旋转位置编码

论文：RoFormer: Enhanced Transformer with Rotary Position Embedding

代码：https://github.com/ZhuiyiTechnology/roformer

RoPE旋转位置编码的出发点是“通过绝对位置编码的方式实现相对位置编码”，Transformer位置编码是加性的正弦位置编码（位置向量和词向量是直接相加的），然而RoPE采用的是乘性的正弦位置编码，因为自注意力机制计算过程中需要通过query词向量 $q_m$ 和key词向量 $k_n$ 点乘计算注意力得分，因此想到可以先用绝对位置编码表示 $q_m$ 和 $k_n$ 的位置信息，需要找到函数 $g(\boldsymbol{x}_m, \boldsymbol{x}_n, m-n)$ 使得 $q_m$ 和 $k_n$ 点乘之后可以计算得到 $q_m$ 和 $k_n$ 的相对位置信息m-n：

< f_{q} \left( \boldsymbol{x}_{m} , m \right) , f_{k} \left( \boldsymbol{x}_{n} , n \right) >=g \left( \boldsymbol{x}_{m} , \boldsymbol{x}_{n} , m-n \right)

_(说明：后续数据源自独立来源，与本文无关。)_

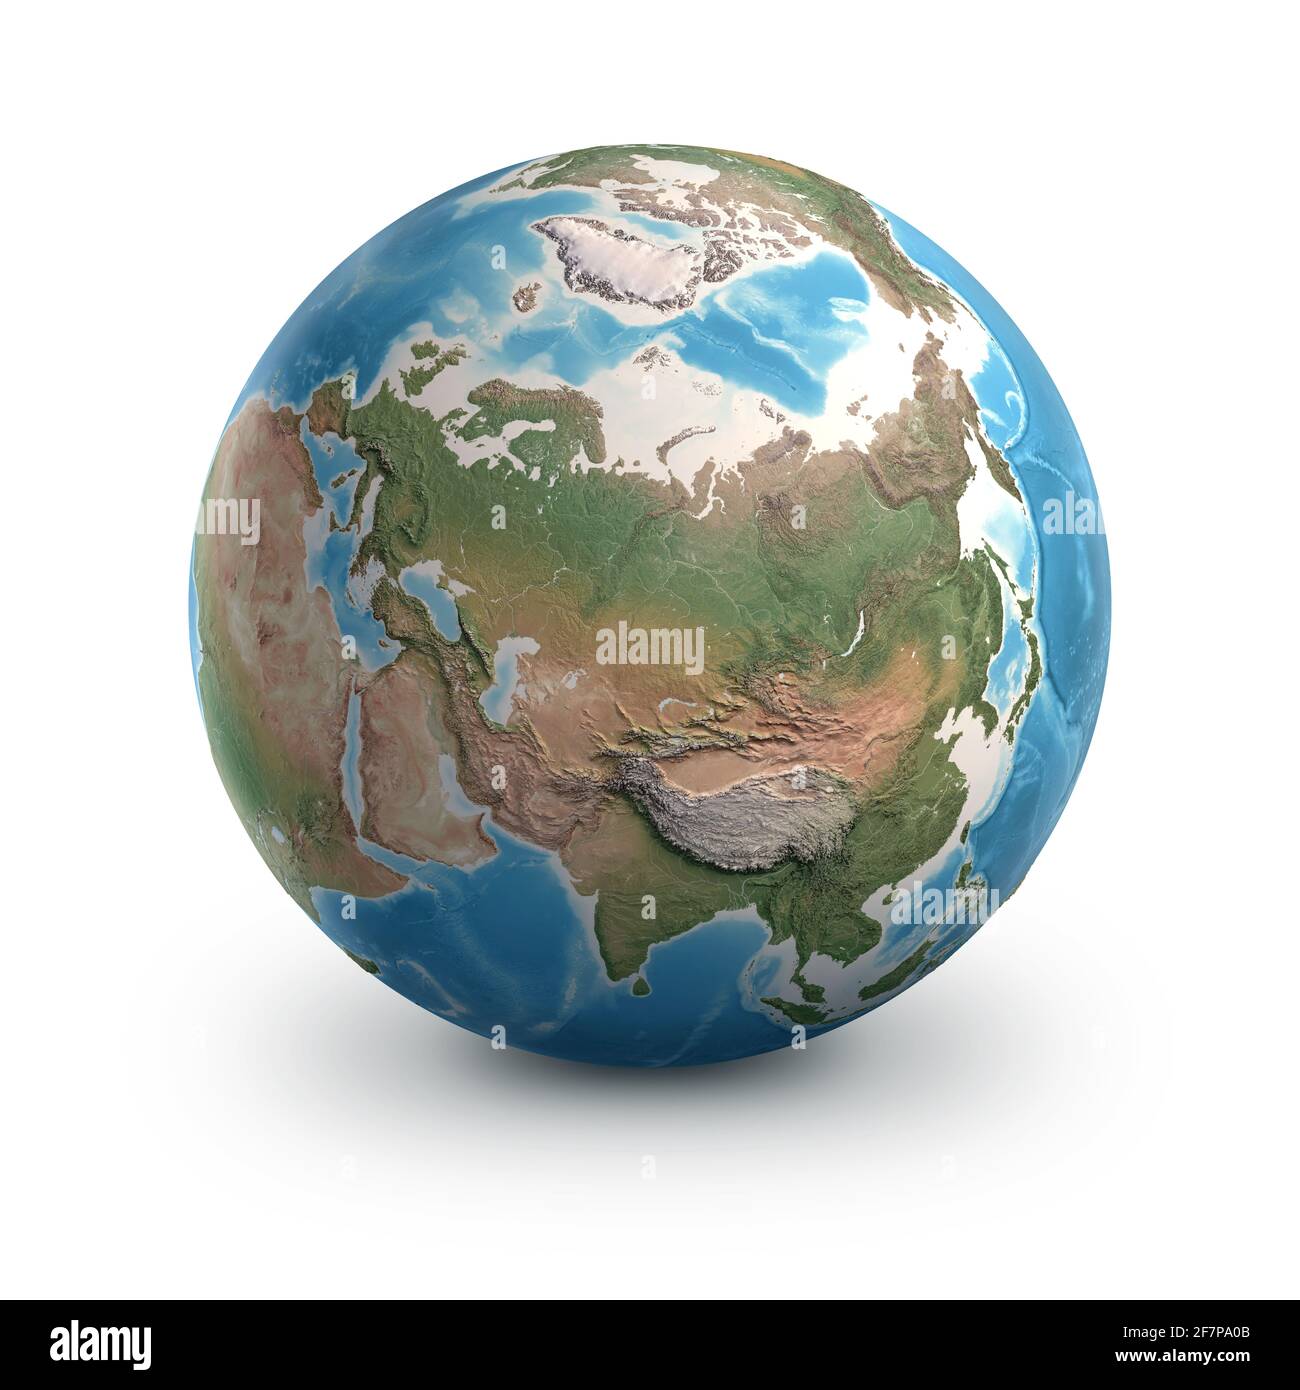 Planet Erdkugel, isoliert auf Weiß. Geographie der Welt aus dem All, fokussiert auf Russland und die arktische Region - Elemente, die von der NASA eingerichtet wurden Stockfoto

为了实现这个目标，需要引入复数和旋转矩阵（复数在空间上可以表示旋转），假定现在词嵌入向量的维度是两维d = 2 ，然后RoPE利用2维度平面上的向量的几何性质，再结合复数的性质，神奇般的找到了满足上述等式的 f 和 g ，其形式如下：

\begin{aligned} & f_q\left(\boldsymbol{x}_m, m\right)=\left(\boldsymbol{W}_q \boldsymbol{x}_m\right) e^{i m \theta} \\ & f_k\left(\boldsymbol{x}_n, n\right)=\left(\boldsymbol{W}_k \boldsymbol{x}_n\right) e^{i n \theta} \\ & g\left(\boldsymbol{x}_m, \boldsymbol{x}_n, m-n\right)=\operatorname{Re}\left[\left(\boldsymbol{W}_q \boldsymbol{x}_m\right)\left(\boldsymbol{W}_k \boldsymbol{x}_n\right)^* e^{i(m-n) \theta}\right] \end{aligned}

为了实现这个目标，需要引入复数和旋转矩阵（复数在空间上可以表示旋转），假定现在词嵌入向量的维度是两维d = 2 ，然后RoPE利用2维度平面上的向量的几何性质，再结合复数的性质，神奇般的找到了满足上述等式的 f 和 g ，其形式如下：

\begin{aligned} & f_q\left(\boldsymbol{x}_m, m\right)=\left(\boldsymbol{W}_q \boldsymbol{x}_m\right) e^{i m \theta} \\ & f_k\left(\boldsymbol{x}_n, n\right)=\left(\boldsymbol{W}_k \boldsymbol{x}_n\right) e^{i n \theta} \\ & g\left(\boldsymbol{x}_m, \boldsymbol{x}_n, m-n\right)=\operatorname{Re}\left[\left(\boldsymbol{W}_q \boldsymbol{x}_m\right)\left(\boldsymbol{W}_k \boldsymbol{x}_n\right)^* e^{i(m-n) \theta}\right] \end{aligned}

其中 $e^{imθ}$ 是复数的指数形式（可以通过旋转矩阵表示）， $W_q$ 和 $W_k$ 表示q和k输入注意力线性层权重，Re 表示复数的实部。

RoPE将θ设置为：

\theta=\left\{\theta_{i}=1 0 0 0 0^{\frac{-2 i} {d}} , i \in[ 1 , 2 , \ldots, \frac{d} {2} ] \right\}

$f_q(\boldsymbol{x}_m, m)$ 可以表示成下面的式子：

\begin{aligned} f_q\left(\boldsymbol{x}_m, m\right) & =\left(\begin{array}{cc} \cos m \theta & -\sin m \theta \\ \sin m \theta & \cos m \theta \end{array}\right)\left(\begin{array}{ll} W_q^{(1,1)} & W_q^{(1,2)} \\ W_q^{(2,1)} & W_q^{(2,2)} \end{array}\right)\binom{x_m^{(1)}}{x_m^{(2)}} \\ & =\left(\begin{array}{cc} \cos m \theta & -\sin m \theta \\ \sin m \theta & \cos m \theta \end{array}\right)\binom{q_m^{(1)}}{q_m^{(2)}} \end{aligned}

而前面说的能让乘性正弦位置编码绝对位置编码在q和k向量点乘之后具有相对位置信息m-n的就是旋转矩阵：

\mathbf{R}_\theta=\left[\begin{array}{cc} \cos \theta & -\sin \theta \\ \sin \theta & \cos \theta \end{array}\right]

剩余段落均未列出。